Reexamining Maneuver Warfare

by LtCol Gordon Batcheller

All the coverage on maneuver warfare leaves me uneasy for several reasons: First, I’m not sure how its proponents conceive of its application to a given body of troops. Perhaps at the field marshal level a genius of war can, with imagination, intuition, reliable intelligence, and daring, launch his forces on a series of lightning thrusts that will dismember the enemy-body, brain, and/or will. History is full of stories of successful small unit leaders who were able to succeed because of their aggressive exploitation of opportunities. But I need to hear more about how this technique or doctrine is superimposed upon an entire division or, in our case, a MAF without a certain amount of chaos resulting. Somewhere in the organization, training, and employing of forces, all the trappings of “cookbook recipes” so lightly dismissed by the maneuverists are required. If the maneuverists are talking about good old flexibility, and boldness, I can applaud the objective but am bewildered by all the fuss over something so obvious. But if they are advocating some dramatic new doctrine that rejects fire team, squad, platoon, company, and battalion formations, or recognizable patterns of maneuver, then I think they may be candidates for processing under ALMAR 246-81. History has produced precious few military geniuses, and they have been most recognizable when they were in command of all the forces involved: combat, combat support, and combat service support. I have difficulty with a concept that appears to presume this level of competence down to and including the small unit level.

Second, there is an obvious inconsistency between “mission order tactics” without detailed control and “completely integrated logistical and tactical considerations,” to say nothing of the coordination of supporting arms and adjacent units. Very few logisticians exist in the Marine Corps, and none of them are mind-readers. In the tactical arena, fire and maneuver must be closely integrated, and they both must be continuously supported. This requires, unfortunately, detailed control of all elements of the MAGTF, and its subordinate units. I won’t even go into the demands placed on the communicators by the freewheeling approach. The need to command, control, and support certainly inhibits flexibility, but need not destroy it, nor render imagination and genius ineffective. But I haven’t seen a thoughtful examination of all the ramifications of the “turn them loose” approach yet.

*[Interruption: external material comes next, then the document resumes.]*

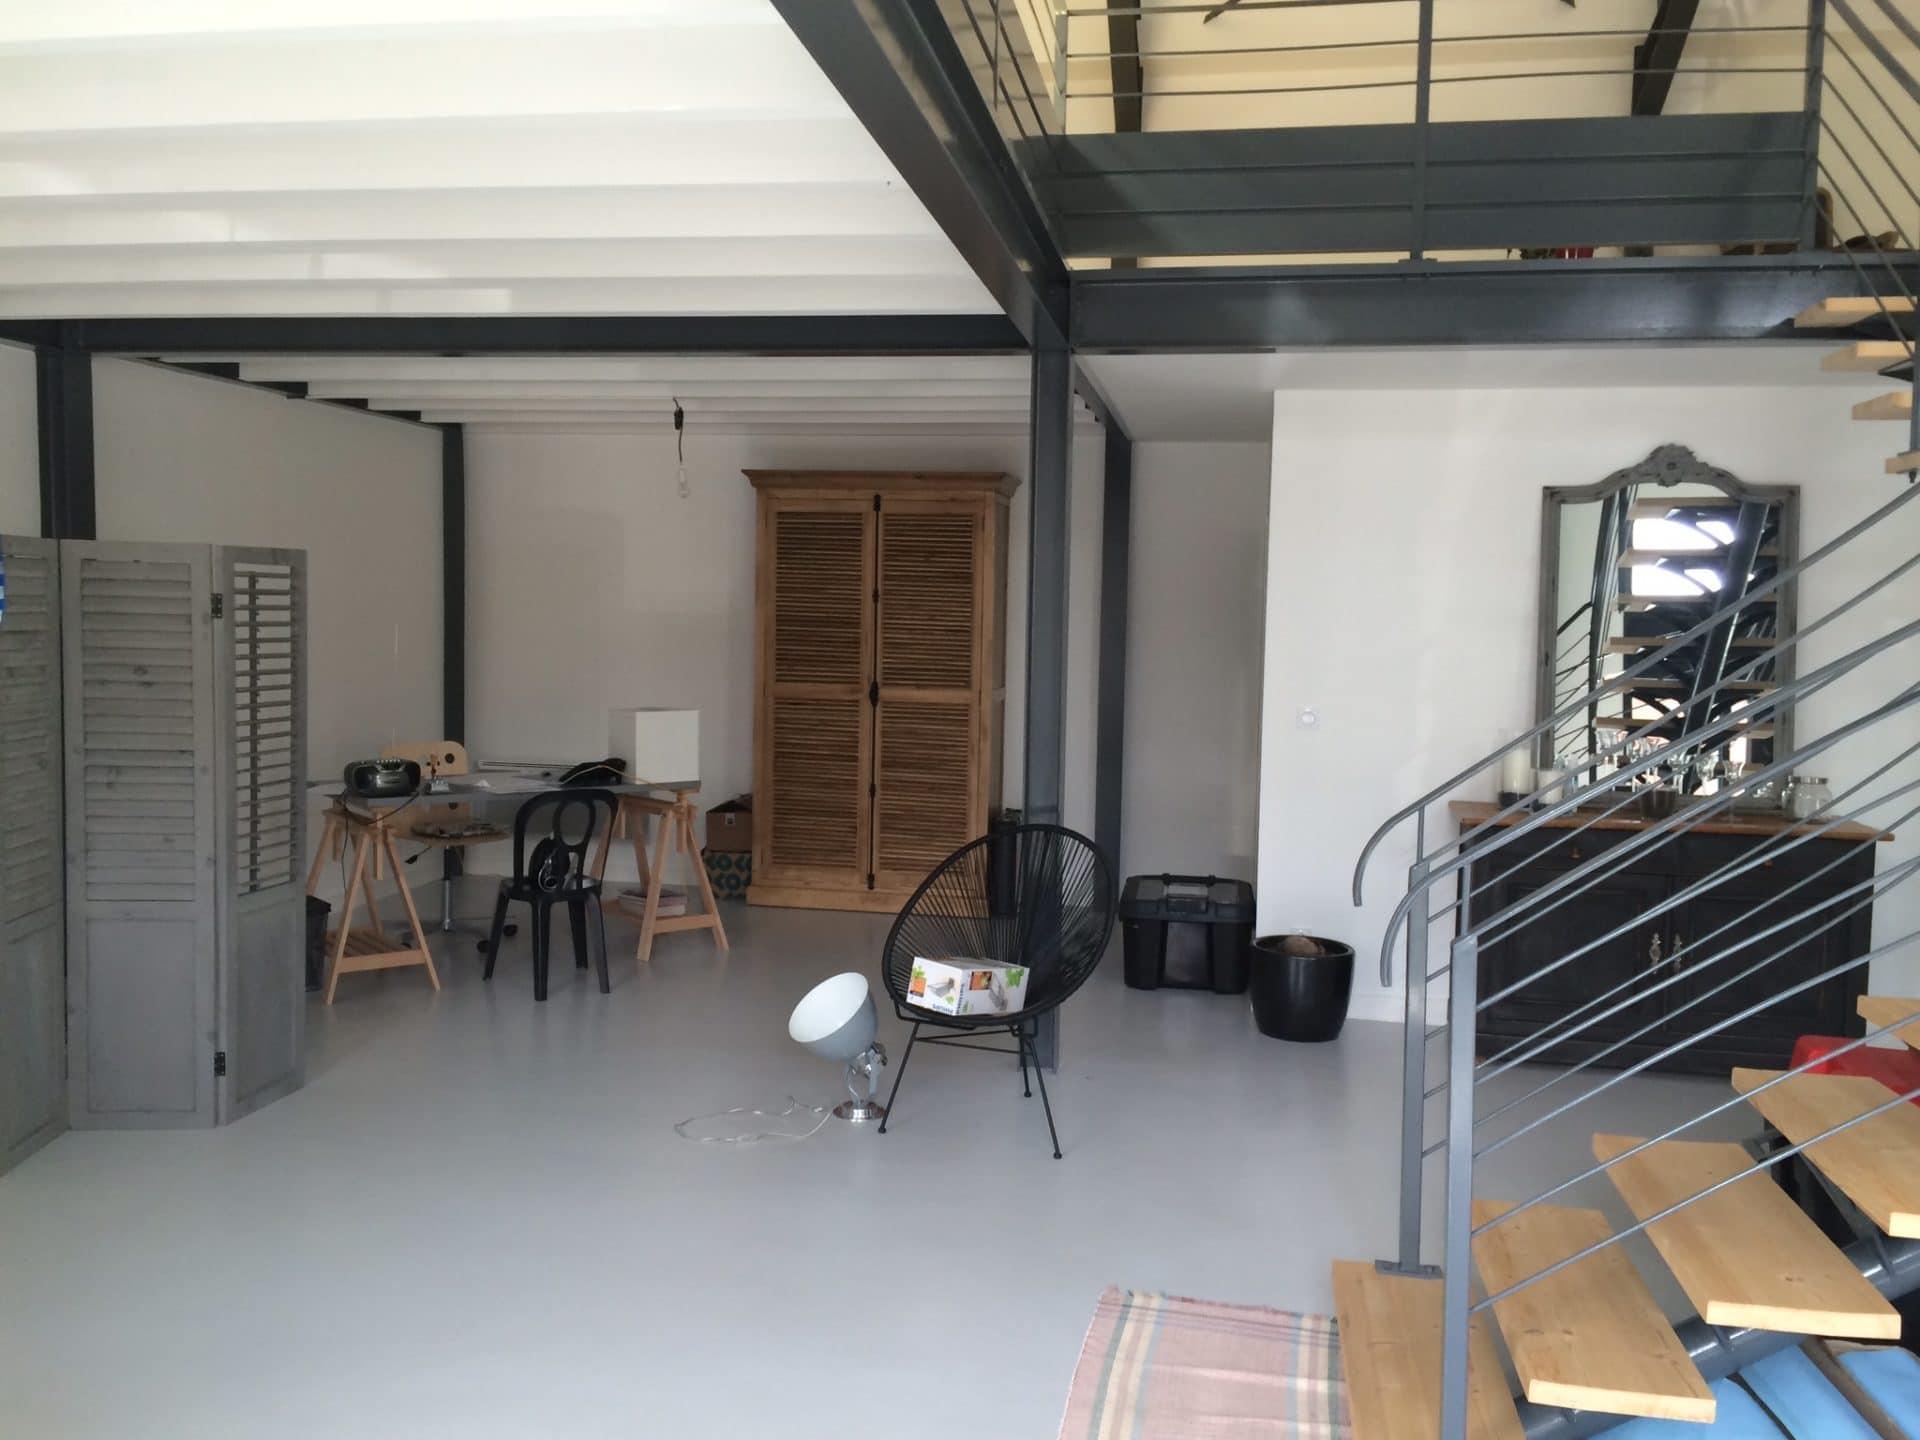 Rénovation complète d'un loft à Niort (79)

Third, I am concerned that the application of maneuver warfare, with its undeniable roots in land warfare, to the amphibious Marine Corps can lead to a fascination for land vehicles and tactical “mobility” for sustained land warfare that is inconsistent with our primary mission and statutory areas of responsibility. The resulting changes to our force structure, manpower, and training needs, and even our naval identity could lead us down the proverbial rabbit trail and away from areas of our more legitimate concern. I would suggest that our real need in the mobility area is not so much a way to increase or extend our land mobility, but a light, effective, and reliable way or ways to decrease the enemy’s mobility. Although over-simplified, the points is: we don’t need more tracked vehicles; we need more tracked vehicle killers.

Finally, I don’t see a careful consideration of the difference between strategic and tactical maneuver, nor of the relevancy of either to a Service’s primary mission. The simplistic embrace of maneuver warfare leads inevitably to more mechanization as a means of tactical mobility. The effect on strategic mobility is seldom thrown into the analysis. Getting there may not be half the fun, but it’s a prerequisite to what fun there might be. What the relevance of all this tactical mobility is to a Service structured for violent assault, short operations, and stubborn defense is not clear. The promised mobility might be more mirage than oasis. Machines that can’t be maintained or supplied or operated are hardly “force multipliers.” The maneuverists task the combat service support element with providing flexible, responsive support, but there is precious little analysis of the feasibility of this tasking, nor examination of the difference between maneuver warfare fought close to a friendly industrial base and maneuver warfare fought at the end of a 10,000-mile sea line of communication.